使用苝作为可见光光催化功能化的乙烯基单体原子转移自由基聚合
Summary
A method for the atom transfer radical polymerization of functionalized vinyl monomers using perylene as a visible-light photocatalyst is described.
Abstract
A standardized technique for atom transfer radical polymerization of vinyl monomers using perylene as a visible-light photocatalyst is presented. The procedure is performed under an inert atmosphere using air- and water-exclusion techniques. The outcome of the polymerization is affected by the ratios of monomer, initiator, and catalyst used as well as the reaction concentration, solvent, and nature of the light source. Temporal control over the polymerization can be exercised by turning the visible light source off and on. Low dispersities of the resultant polymers as well as the ability to chain-extend to form block copolymers suggest control over the polymerization, while chain end-group analysis provides evidence supporting an atom-transfer radical polymerization mechanism.
Introduction
The synthesis of technologically advanced polymers requires precise control over polymer molecular weight, dispersity (Ð), composition, and architecture.1,2 Controlled radical polymerizations (CRPs)3-8 have revolutionized the synthesis of well-defined polymers, with atom transfer radical polymerization (ATRP) being the most used CRP, largely due to operational simplicity and synthetic versatility.9-14 The crux of ATRP is the ability to reversibly deactivate the polymerization, controlling the equilibrium between a propagating radical and a dormant species. Enforcing a low concentration of active radicals greatly minimizes bimolecular termination pathways and allows for the synthesis of well-defined polymers.
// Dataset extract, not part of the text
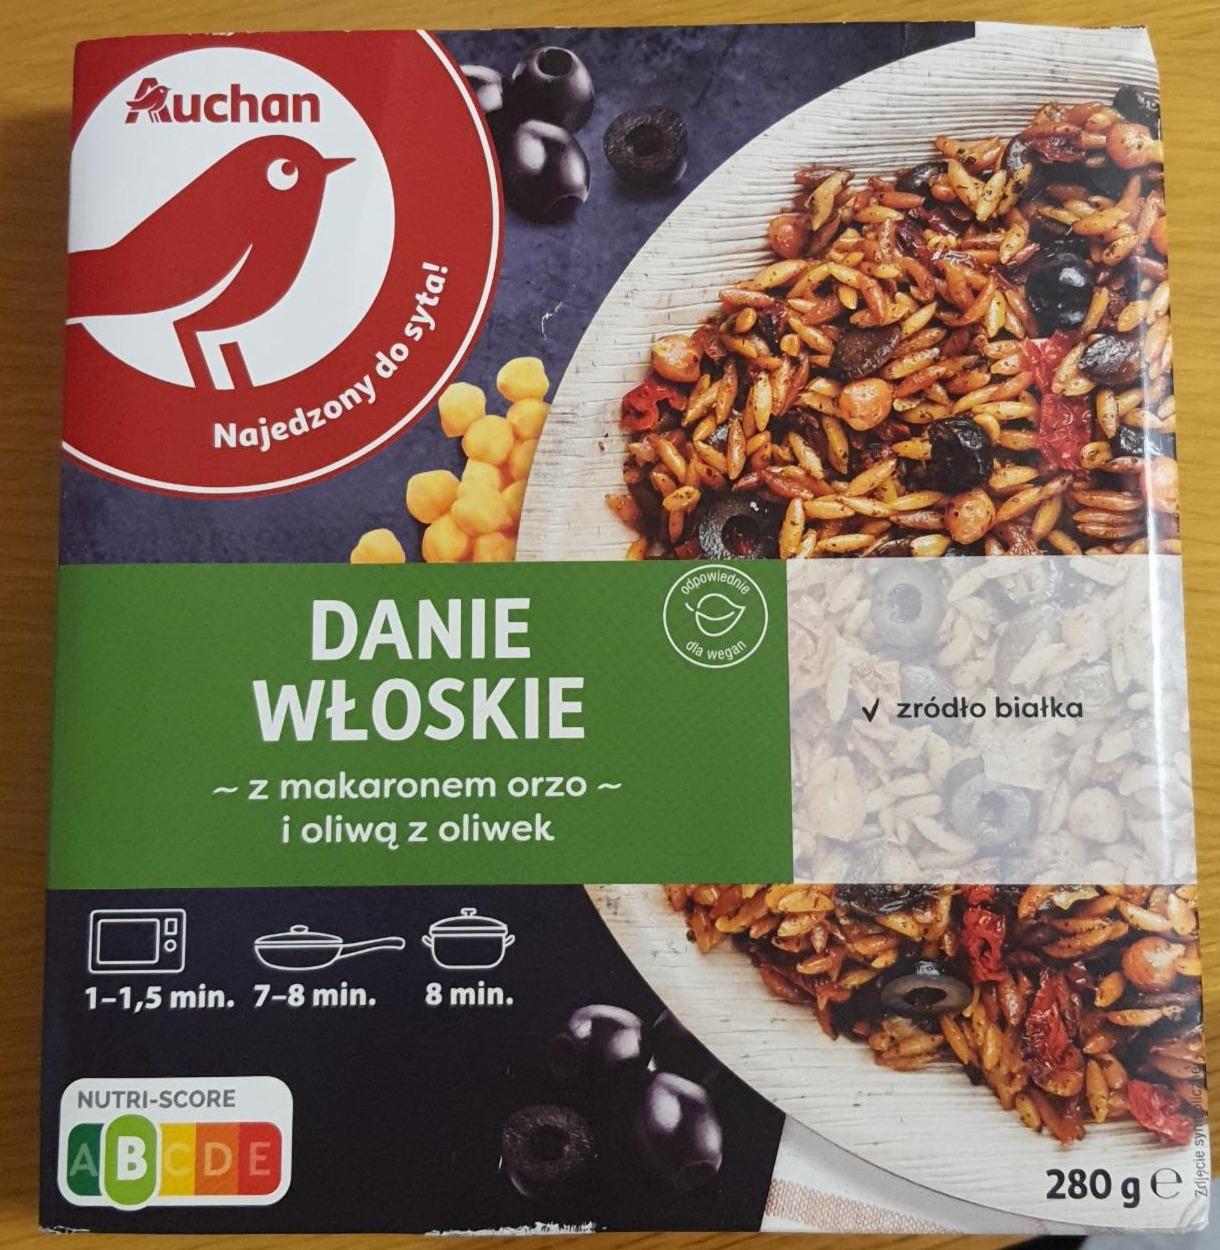 Fotografie - Danie wloskie z makaronem orzo i oliwą z oliwek Auchan
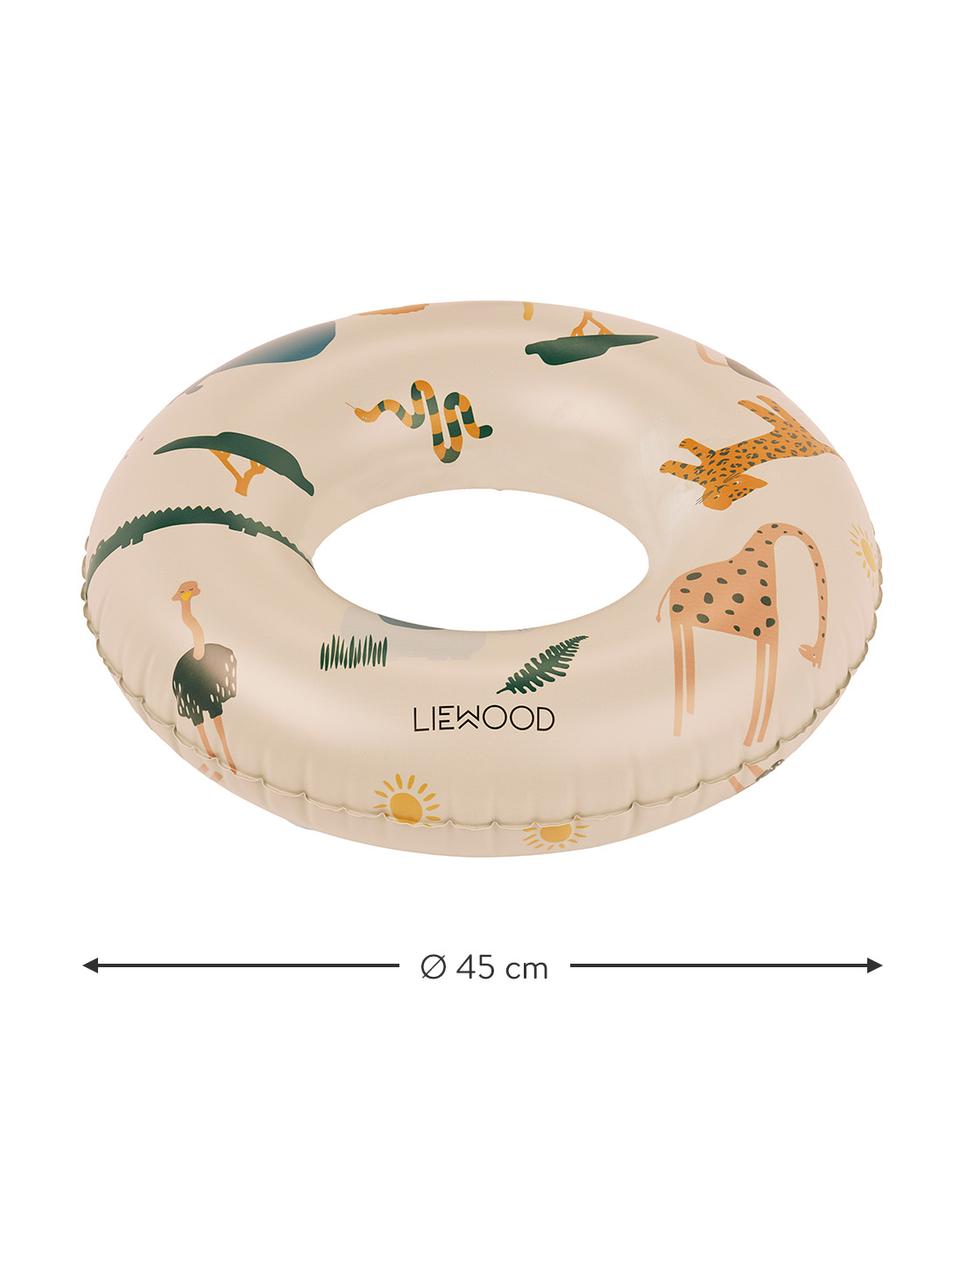 Anello da nuoto per bambini Baloo, 100% plastica (PVC), Beige, multicolore (motivo safari), Ø 45 cm

Traditional ATRP relies on a transition metal catalyst to mediate this equilibrium.3 These metal catalysts contaminate the polymer product and impede implementation in biomedical or electronic applications while also raising environmental concerns. Although significant strides have been made to reduce the catalyst concentration to ppm levels, these methodologies require more demanding experimental conditions and metal contamination is still not entirely eliminated.15,16
Reversible addition-fragmentation transfer17,18 and nitroxide-mediated polymerizations19,20 are CRPs that do not require metal catalysts, although they have been used less often than ATRP.3 Recently, reversible chain-transfer21 and reversible complexation22,23 variants of ATRP that can use organic catalysts were reported. However, these methodologies require the use of alkyl iodide initiators and are not effective with the alkyl bromides commonly employed in ATRP. A highly desirable CRP would match the performance, feasibility, and robustness of traditional ATRP while being catalyzed by an organic catalyst under mild conditions.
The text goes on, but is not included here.